Long recalls a case recently where an 83-year-old client could not be convinced he was the target of a lottery scam. Wells Fargo held off sending money from the man's account to the bogus lottery and contacted his son, who was able to persuade his father of the truth, Long says.

One family's story

Michelle Palomera, 47, of Scituate, Mass., started noticing changes in her husband, Ken Sullivan, several years ago.

He was forgetting things that he'd always handled before, such as paying bills. Sullivan and his doctor initially thought the changes were related to the stress of his job as a senior executive at a Boston financial services firm.

But Palomera insisted on a diagnois from a neurologist. It was not good news. At 47, Sullivan had early onset Alzheimer's.

The couple doesn't have long-term care insurance. And now her husband is ineligible for it, Palomera says. With daughters ages 10 and 12, the couple needed to assemble a team of experts, including an elder law attorney, to assist with long-term planning.

Unable to perform his old job, Sullivan is now on disability and spends time volunteering. "When I first got the diagnosis, I thought it was the end of my life," he says. "Now I know that you can live a good life with it. It's a little more complicated, but it's still good."

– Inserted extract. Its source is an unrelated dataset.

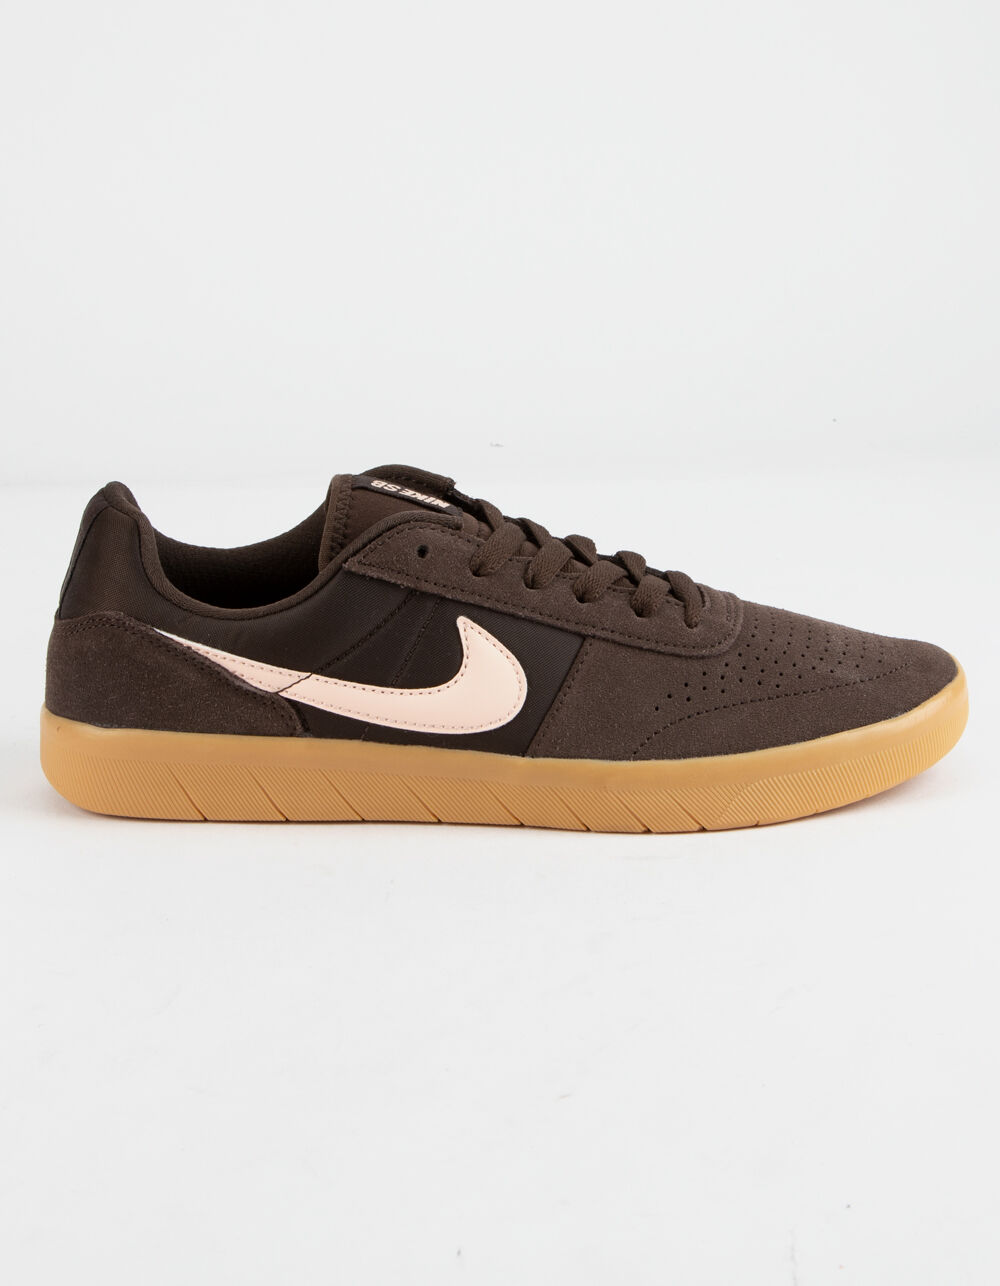 NIKE SB Team Baroque Brown & Washed Coral Shoes - BAROQUE BROWN/WASHED CORAL | Tillys

The family's experience has convinced Palomera that financial advisers need to be more aware of potential health issues. "As part of the new client process, they really should cover some nonfinancial things" like family medical history, she said.

What can be done

Firms are looking for solutions. Some have introduced new forms that allow customers to name a relative or other person to be contacted if they show signs of diminished capacity, says Susan Axelrod, an executive vice president with the Financial Industry Regulatory Authority (FINRA), which oversees brokers and securities firms.

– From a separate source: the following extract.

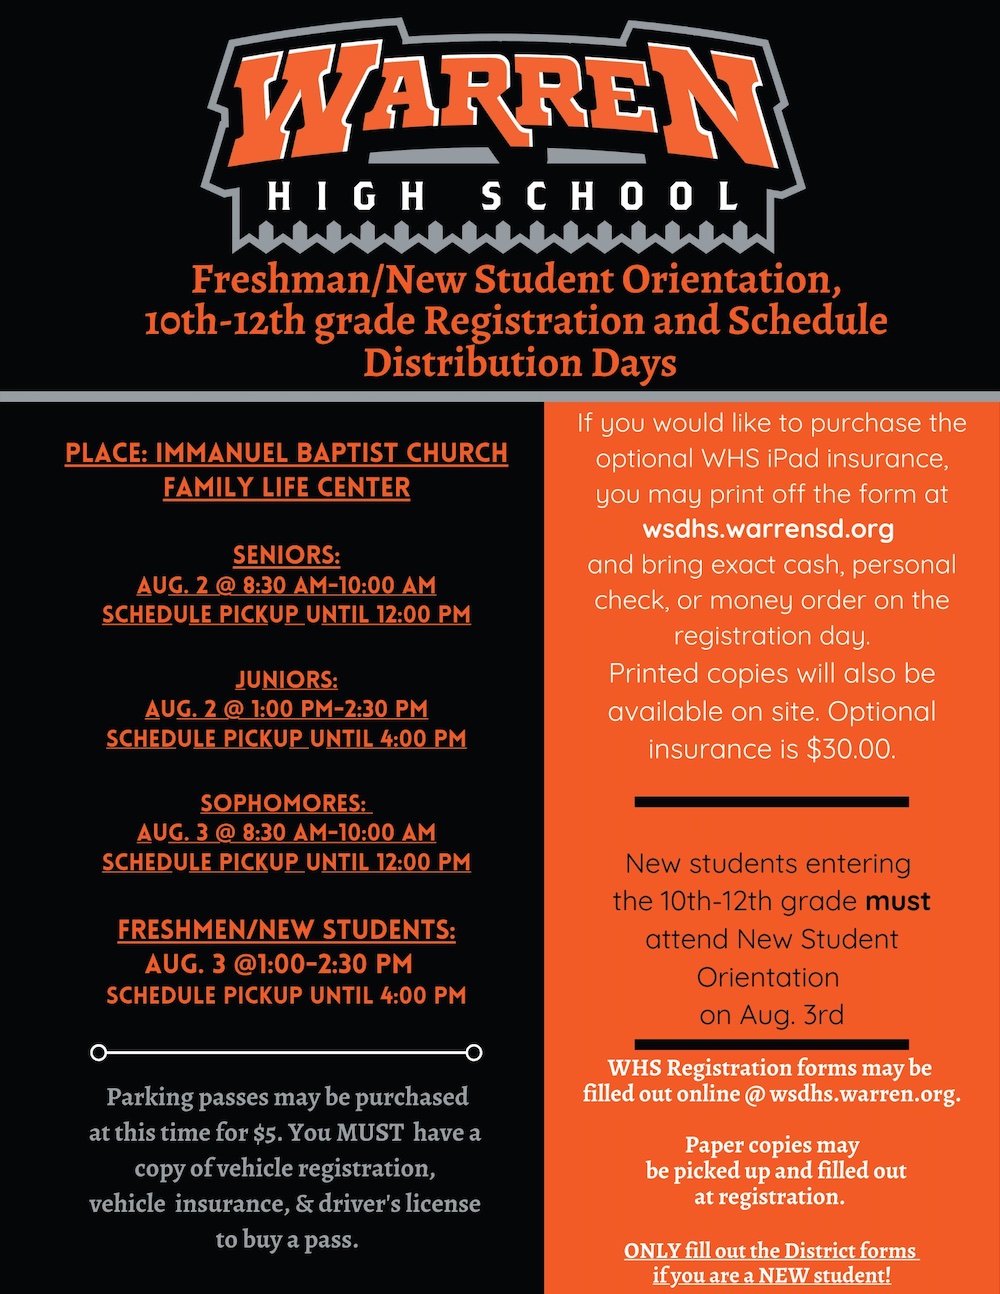 WHS freshman and new student orientation details

Wells Fargo Advisors last year launched an Elder Client Initiatives team to answer questions from its advisers around the country on how to handle cases of suspected dementia or report elder financial abuse in their state. It can be complicated because each state handles these situations differently, says Long, who heads up the team.

Yet these differences may be gradually disappearing. Missouri in June became the third state to allow investment firms to delay for 10 days the release of funds from the accounts of older clients who may be victims of financial exploitation, giving the firms time to contact authorities or the family. NASAA has been working on similar legislation that could be adopted elsewhere.

The investor advocate for the Securities and Exchange Commission wants to see a comparable regulation on the federal level. FINRA, too, is proposing a revision to its rules so brokerages can delay withdrawals from an older customer's account if fraud is suspected, Axelrod says.

Meanwhile, AARP is working with the American Bankers Association Foundation to produce education materials for consumers, financial caregivers and bankers on age-friendly banking, including how to address dementia, fraud and financial caregiving. A survey to be released next month by the AARP Public Policy Institute found that around 8 out of 10 older consumers and caregivers want banks to offer fraud prevention tools and to train employees to prevent elder financial abuse. "Banks can look at what the warning signs are so they can help provide better customer service for that person who has dementia," says Jilenne Gunther with the institute.